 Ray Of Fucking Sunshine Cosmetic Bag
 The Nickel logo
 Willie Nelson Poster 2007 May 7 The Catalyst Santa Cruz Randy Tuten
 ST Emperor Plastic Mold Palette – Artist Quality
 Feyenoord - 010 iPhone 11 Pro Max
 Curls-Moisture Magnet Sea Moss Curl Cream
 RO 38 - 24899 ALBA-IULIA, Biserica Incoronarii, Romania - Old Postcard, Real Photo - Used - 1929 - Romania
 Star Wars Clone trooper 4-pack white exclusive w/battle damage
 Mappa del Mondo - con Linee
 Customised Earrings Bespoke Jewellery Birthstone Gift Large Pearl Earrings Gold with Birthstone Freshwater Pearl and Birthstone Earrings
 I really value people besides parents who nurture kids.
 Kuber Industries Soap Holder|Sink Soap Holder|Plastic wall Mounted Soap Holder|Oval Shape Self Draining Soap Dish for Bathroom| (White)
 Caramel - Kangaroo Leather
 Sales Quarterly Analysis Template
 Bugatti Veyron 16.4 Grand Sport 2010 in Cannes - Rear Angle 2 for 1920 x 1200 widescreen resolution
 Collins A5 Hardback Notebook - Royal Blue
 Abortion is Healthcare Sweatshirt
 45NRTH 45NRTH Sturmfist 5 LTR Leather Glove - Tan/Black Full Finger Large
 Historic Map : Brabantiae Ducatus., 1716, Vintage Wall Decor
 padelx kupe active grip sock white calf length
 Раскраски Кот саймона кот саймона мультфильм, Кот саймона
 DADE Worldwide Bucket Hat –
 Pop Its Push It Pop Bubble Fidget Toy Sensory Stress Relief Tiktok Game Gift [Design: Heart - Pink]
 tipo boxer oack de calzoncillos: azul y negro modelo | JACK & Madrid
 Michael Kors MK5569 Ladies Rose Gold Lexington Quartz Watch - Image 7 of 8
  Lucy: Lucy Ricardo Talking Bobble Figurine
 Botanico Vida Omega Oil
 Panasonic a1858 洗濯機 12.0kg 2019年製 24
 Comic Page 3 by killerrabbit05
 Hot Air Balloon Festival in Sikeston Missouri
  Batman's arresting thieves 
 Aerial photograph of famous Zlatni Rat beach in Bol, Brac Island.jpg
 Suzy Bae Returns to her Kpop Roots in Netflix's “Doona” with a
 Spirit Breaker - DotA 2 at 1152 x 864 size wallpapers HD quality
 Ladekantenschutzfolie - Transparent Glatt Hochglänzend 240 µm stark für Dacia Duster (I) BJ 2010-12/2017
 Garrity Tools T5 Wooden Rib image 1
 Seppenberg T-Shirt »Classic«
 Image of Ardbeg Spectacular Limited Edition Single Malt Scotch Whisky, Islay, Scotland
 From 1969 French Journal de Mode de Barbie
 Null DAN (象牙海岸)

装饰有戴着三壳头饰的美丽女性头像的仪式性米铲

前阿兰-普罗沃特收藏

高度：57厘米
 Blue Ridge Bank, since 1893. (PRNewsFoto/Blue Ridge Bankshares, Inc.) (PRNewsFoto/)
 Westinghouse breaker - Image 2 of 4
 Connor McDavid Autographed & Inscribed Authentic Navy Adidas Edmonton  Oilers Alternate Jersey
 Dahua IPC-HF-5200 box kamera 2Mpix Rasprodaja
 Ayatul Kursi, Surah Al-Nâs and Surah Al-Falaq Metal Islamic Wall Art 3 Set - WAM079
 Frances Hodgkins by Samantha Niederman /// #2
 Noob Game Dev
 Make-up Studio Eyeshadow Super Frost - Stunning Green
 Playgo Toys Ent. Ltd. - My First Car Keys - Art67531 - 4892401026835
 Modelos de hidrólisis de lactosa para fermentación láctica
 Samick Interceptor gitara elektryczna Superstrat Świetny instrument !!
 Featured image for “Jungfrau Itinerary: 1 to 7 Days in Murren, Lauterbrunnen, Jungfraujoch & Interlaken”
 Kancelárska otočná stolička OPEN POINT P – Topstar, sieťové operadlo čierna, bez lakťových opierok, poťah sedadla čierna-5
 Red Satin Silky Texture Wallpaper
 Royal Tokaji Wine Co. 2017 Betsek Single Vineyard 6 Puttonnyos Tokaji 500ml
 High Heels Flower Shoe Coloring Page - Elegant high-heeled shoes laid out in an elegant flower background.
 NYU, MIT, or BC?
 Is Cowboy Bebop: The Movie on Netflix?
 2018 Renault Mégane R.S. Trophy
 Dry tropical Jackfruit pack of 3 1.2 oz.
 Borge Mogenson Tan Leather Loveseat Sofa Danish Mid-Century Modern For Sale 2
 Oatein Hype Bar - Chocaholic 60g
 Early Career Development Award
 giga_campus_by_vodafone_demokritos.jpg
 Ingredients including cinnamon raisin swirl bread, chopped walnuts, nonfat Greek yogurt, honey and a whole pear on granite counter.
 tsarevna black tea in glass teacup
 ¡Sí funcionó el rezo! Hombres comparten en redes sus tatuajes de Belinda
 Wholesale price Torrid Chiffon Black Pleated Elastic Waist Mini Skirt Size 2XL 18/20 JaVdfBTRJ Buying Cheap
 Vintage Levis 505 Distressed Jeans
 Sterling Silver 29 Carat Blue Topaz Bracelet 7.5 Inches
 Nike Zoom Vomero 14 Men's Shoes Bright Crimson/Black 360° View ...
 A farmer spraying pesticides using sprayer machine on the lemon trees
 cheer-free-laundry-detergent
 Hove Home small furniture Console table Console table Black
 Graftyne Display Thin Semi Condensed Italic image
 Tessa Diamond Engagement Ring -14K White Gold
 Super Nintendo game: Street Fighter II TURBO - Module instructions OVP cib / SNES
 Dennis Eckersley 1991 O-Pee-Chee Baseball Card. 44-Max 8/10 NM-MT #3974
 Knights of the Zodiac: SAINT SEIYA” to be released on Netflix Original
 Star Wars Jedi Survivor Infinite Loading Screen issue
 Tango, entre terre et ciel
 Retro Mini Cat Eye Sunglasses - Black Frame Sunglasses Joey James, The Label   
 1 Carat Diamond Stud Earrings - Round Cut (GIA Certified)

---

*EXERCISE INSTRUCTIONS*
All lines in the listing above between the line with "Aerial photograph of" and the line with "Westinghouse breaker - Image 2 of 4", inclusive, should be set down exactly, and no line outside that range.

*ANSWER BELOW*
 Aerial photograph of famous Zlatni Rat beach in Bol, Brac Island.jpg
 Suzy Bae Returns to her Kpop Roots in Netflix's “Doona” with a
 Spirit Breaker - DotA 2 at 1152 x 864 size wallpapers HD quality
 Ladekantenschutzfolie - Transparent Glatt Hochglänzend 240 µm stark für Dacia Duster (I) BJ 2010-12/2017
 Garrity Tools T5 Wooden Rib image 1
 Seppenberg T-Shirt »Classic«
 Image of Ardbeg Spectacular Limited Edition Single Malt Scotch Whisky, Islay, Scotland
 From 1969 French Journal de Mode de Barbie
 Null DAN (象牙海岸)

装饰有戴着三壳头饰的美丽女性头像的仪式性米铲

前阿兰-普罗沃特收藏

高度：57厘米
 Blue Ridge Bank, since 1893. (PRNewsFoto/Blue Ridge Bankshares, Inc.) (PRNewsFoto/)
 Westinghouse breaker - Image 2 of 4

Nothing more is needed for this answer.